中小・中堅企業に内包する管理職人材の課題-19-ロールモデル無き管理職の悲哀

 中小・中堅企業の管理職を数多く見ていると、一つの共通した特徴に気付く。それは、自らが目指すべき管理職像、すなわちロールモデルを持たないまま管理職になっている者が極めて多いという事実である。現場で一定の成果を上げた結果として昇進し、その延長線上で管理職を務めている。しかし、その過程で管理職としての役割や組織運営、人材育成について体系的に学ぶ機会はほとんど与えられていない。
 このため判断基準は常に自分自身の経験だけになる。「自分もそうやって覚えた」「自分も苦労してきた」という経験則が唯一の拠り所となる。しかし、経験は重要ではあるものの、それだけでは組織を率いることはできない。経験とは過去の成功体験であり、環境や人材が変われば、そのまま通用する保証はないからである。にもかかわらず、多くの管理職は自らの経験を絶対視し、新たな知識を学び、自分自身を更新する努力を後回しにしてしまう。ここにロールモデル無き管理職の悲哀がある。

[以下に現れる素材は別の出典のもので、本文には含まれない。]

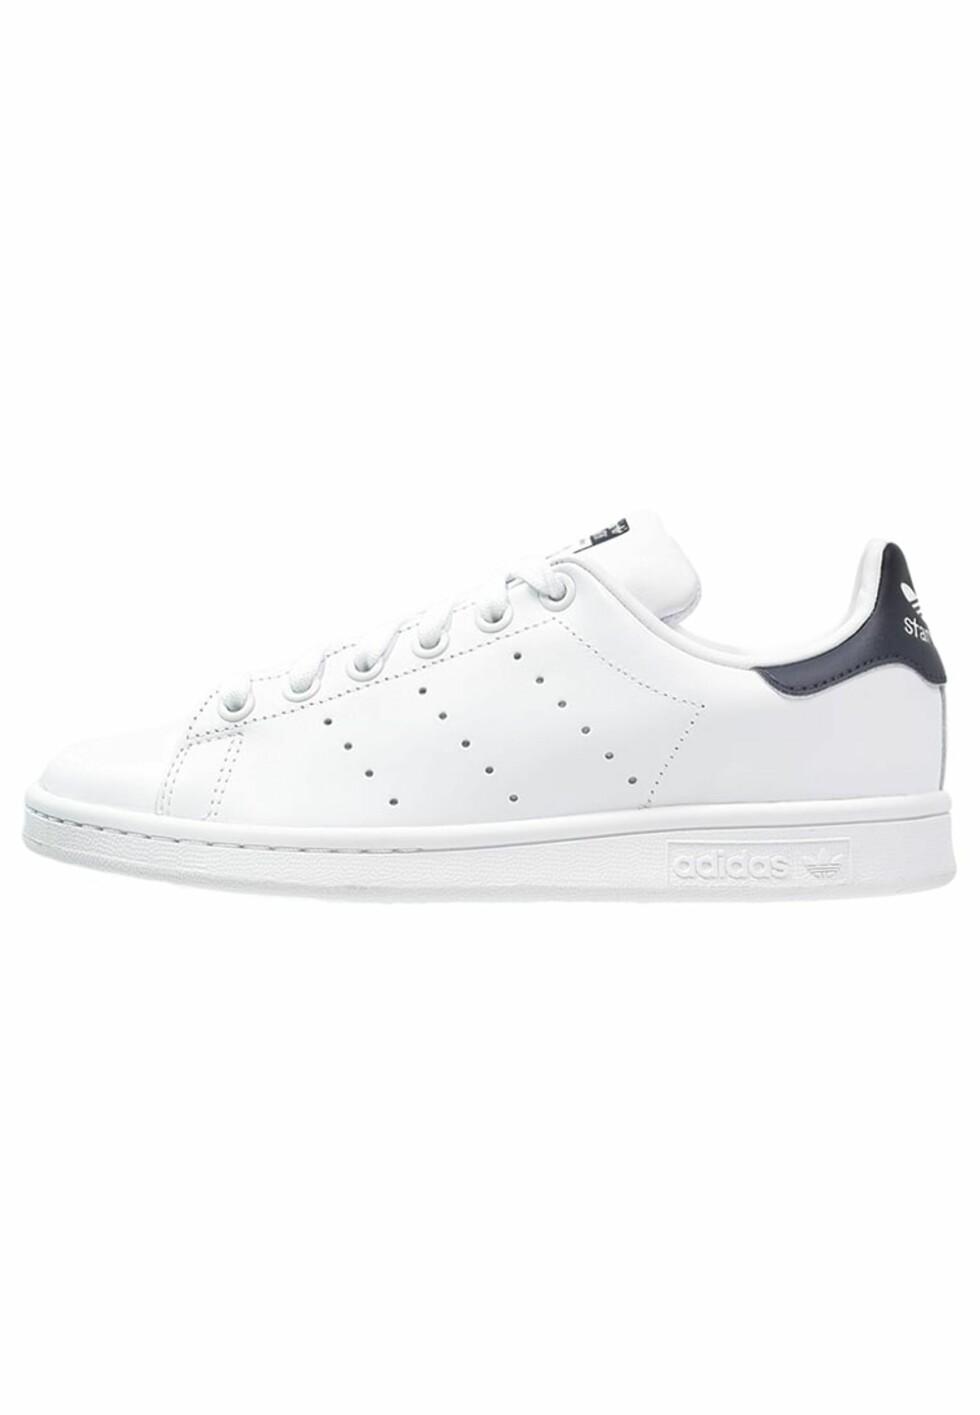 Stan Smith-sneakers fra Adidas med sort detalj via Zalando.no | kr 849 | pn.zalando.net/go.cgi?pid=1173&wmid=cc&cpid=12&target=http://www.zalando.no/adidas-originals-stan-smith-joggesko-hvit-ad115b01k-a11.html

 その影響は中途採用者を含めた人材育成に顕著に表れる。自分が十分に教えられた経験を持たない管理職は、部下(新人・新任)への教え方も知らない。業務を説明したつもりになり、「あとは自分で考えろ」と現場へ送り出す。本人は権限委譲のつもりかもしれないが、実態は単なる丸投げである。そして部下が成果を出せなければ、「主体性が足りない」「最近の若者は受け身だ」「想定した動きをしてくれない」と責任を部下へ転嫁する。しかし、その部下もまた、何をどのように考えればよいのかを教えられていないのである。
 やがて部下は「言われたことだけをやればよい」と考えるようになり、指示されない仕事には手を出さなくなる。一方で陰では上司を批判し、自分は被害者であるかのように振る舞う。しかし、それもまた上司と同じ思考様式をなぞっているにすぎない。結局、自ら学ばず、人のせいにする姿勢まで再生産されるのである。これでは人材は育たない。育つのは、せいぜい現在の管理職と同じ水準の人材だけである。結果的に組織の成長は望めなくなる。

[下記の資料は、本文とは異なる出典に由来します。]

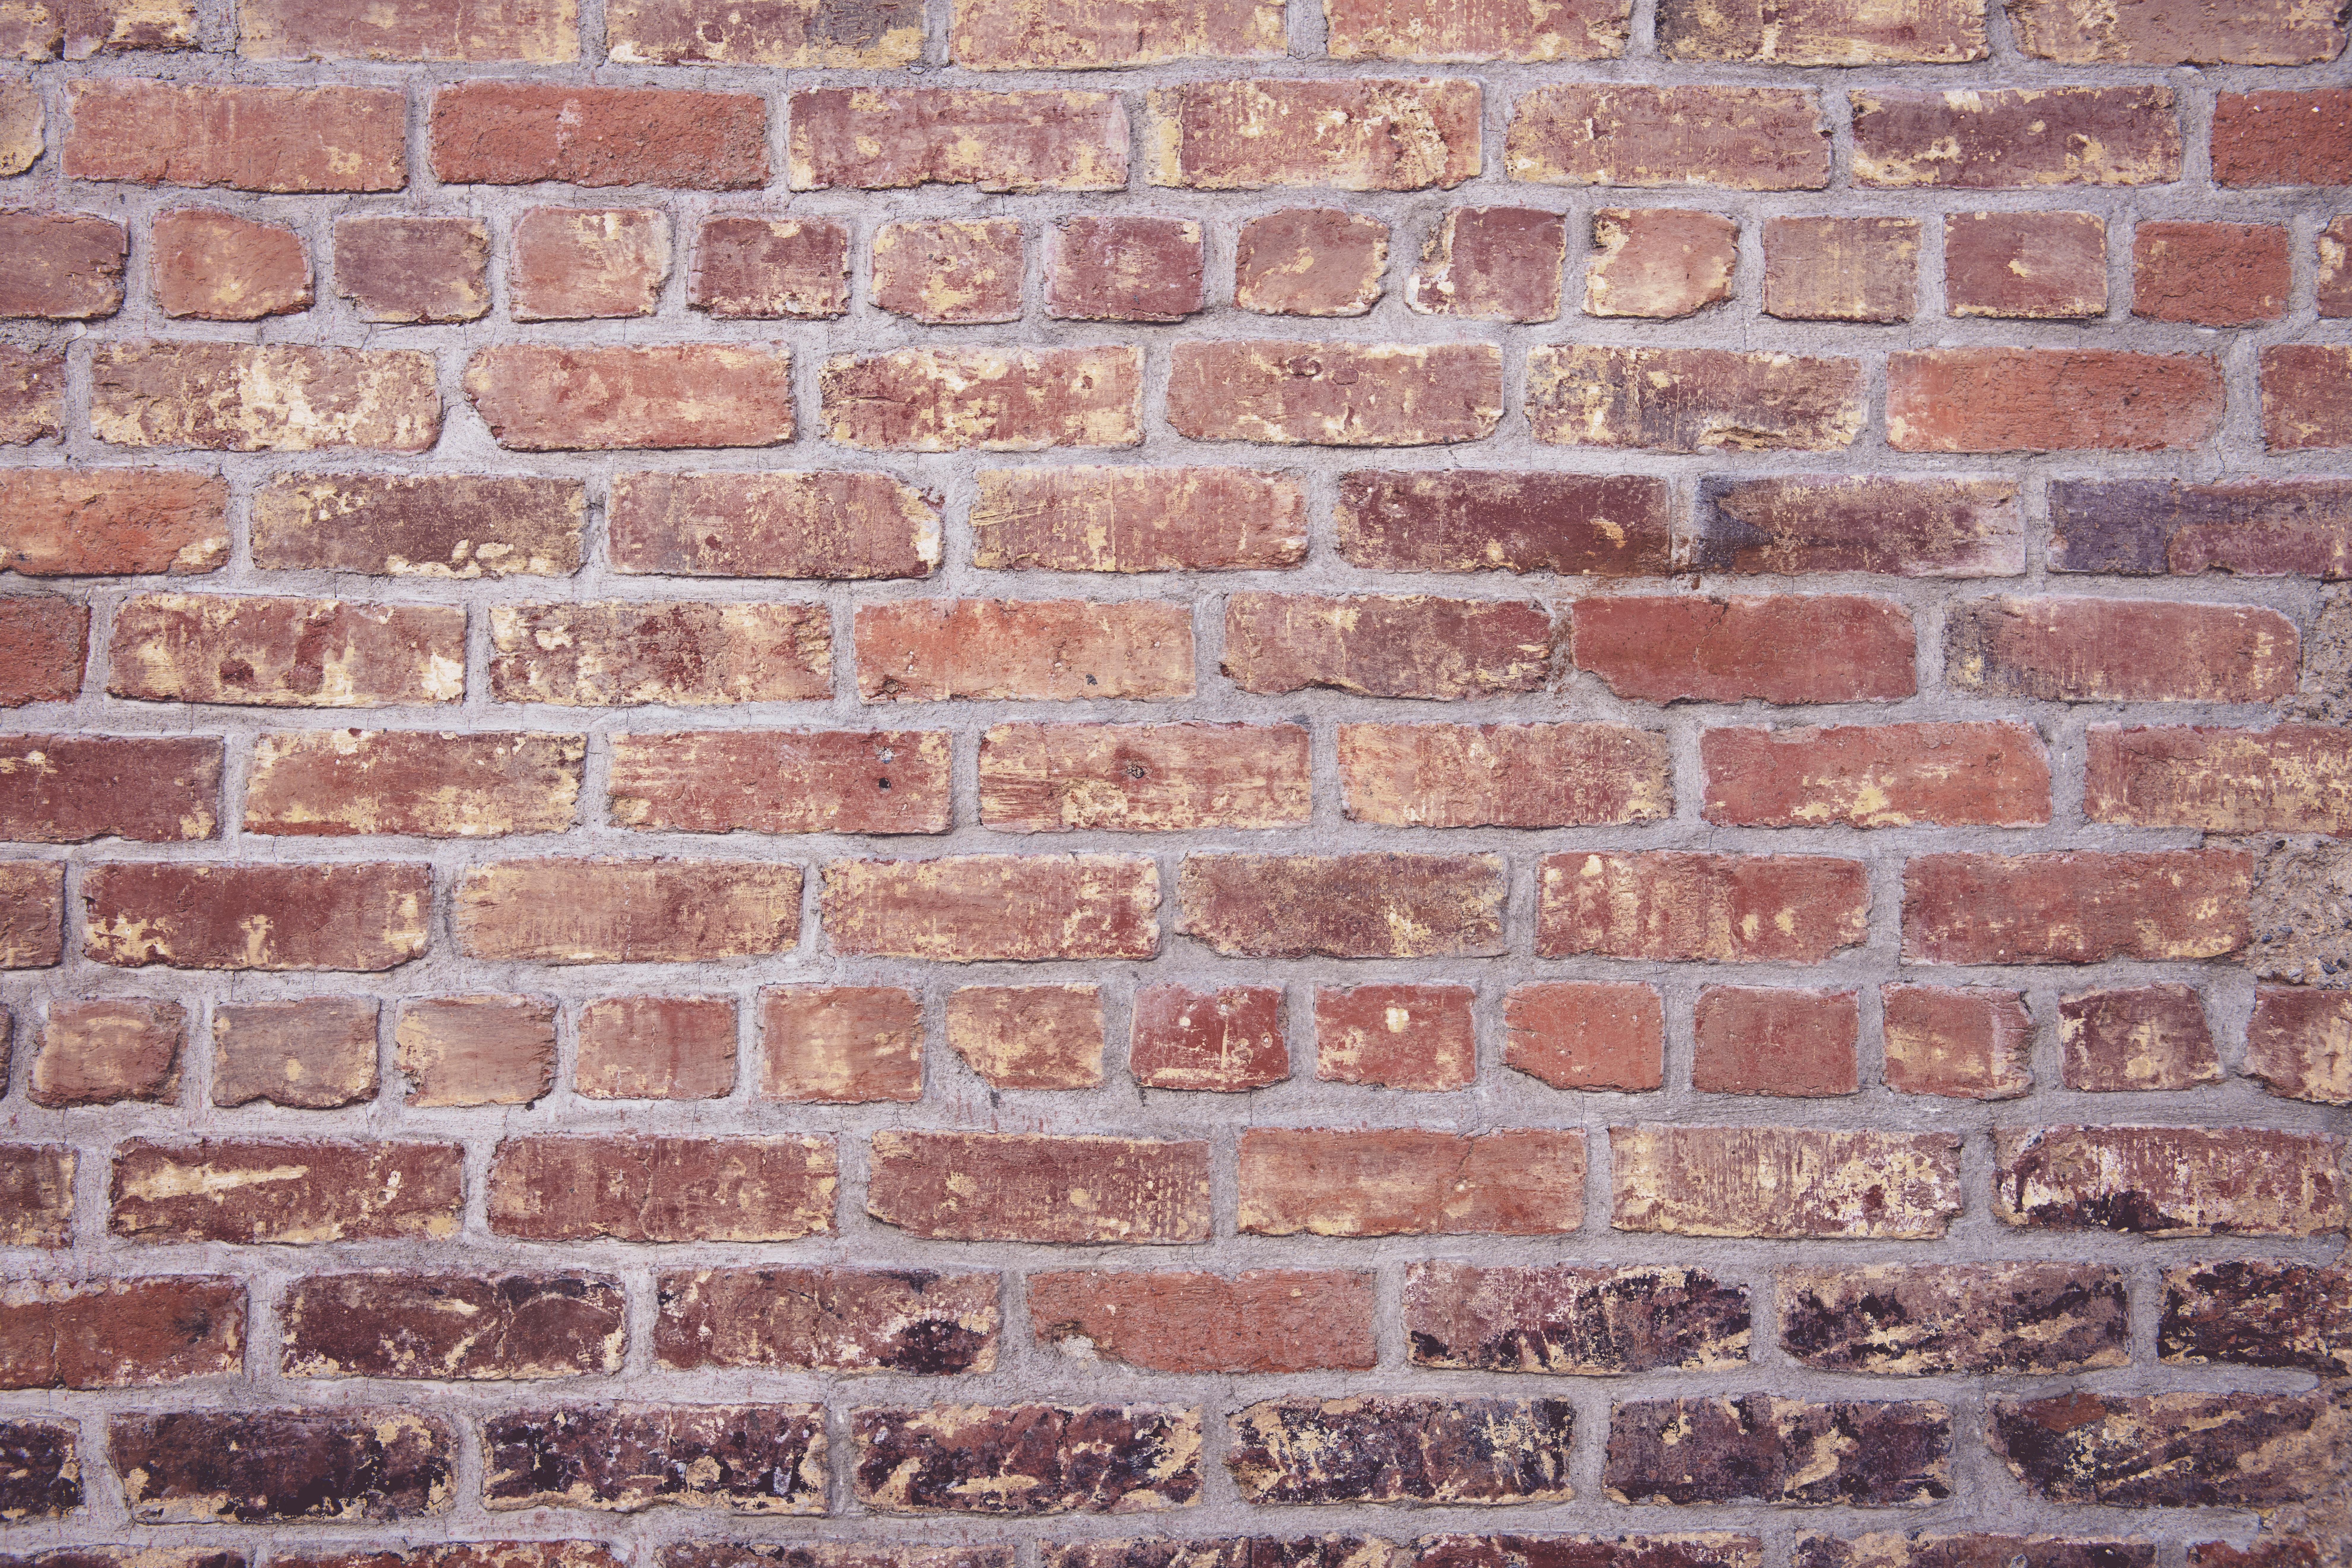 Cloud Brick Wall

 マネジメントとは人を管理する仕事ではない。人が成果を出せる環境を整えるのが仕事でありミッションでもある。仕事の目的が共有され、必要な情報が流れ、役割が明確であり、失敗から学べる環境を整備することこそマネジメントを担う者の本来の役割である。そのためには、自分自身が学び続ける姿勢を持たなければならない。経営を理解し、組織論を学び、人材育成を学び、自分の判断を常に検証することで初めて部下に適切な支援ができる。
 しかし、ロールモデルを持たない管理職は、自らの経験だけを正解だと思い込みやすい。しかも役職が上がるほど周囲から率直な助言を受ける機会は減り、「自分のやり方は正しい」という小さな成功体験が固定・凝縮化されていく。その結果、自分より優秀な人材を育てることができなくなる。人は自分が学んだ範囲までしか教えられず、自分が理解している水準までしか育てられないからである。組織が停滞する原因は、必ずしも社員の能力不足ではない。マネジメントを担う者自身の学びが止まっていることにある場合も少なくない。

 企業組織は未来に向かって成長し続けなければならない。成長するとは今日的には「存続する」ことと同意語でもある。しかし、管理職が昨日までの成功体験だけで組織を運営している限り、未来を創ることはできない。現場でマネジメントを担う者は、自分自身の経験を伝承する存在ではなく、自分を超える人材を育てる存在である。そのためには、自分が知らないことを認め、外部から学び、他社の優れた実践を取り入れ、自らの考え方を更新し続ける謙虚さが欠かせない。
 ロールモデルとは、単に優秀な上司を意味するものではない。学び続ける姿勢そのものが、部下にとって最大のロールモデルとなるのである。経営者が本当に取り組むべき課題は、管理職層を現場の延長線上で育てることではない。管理職自身が学び続ける仕組みを組織の中に構築することである。学習する管理職が増えたとき、初めて管理職は自分と同じレベルの人材を再生産する存在から、自分を超える人材を育てる存在へと変わり、組織もまた持続的な成長軌道に乗る。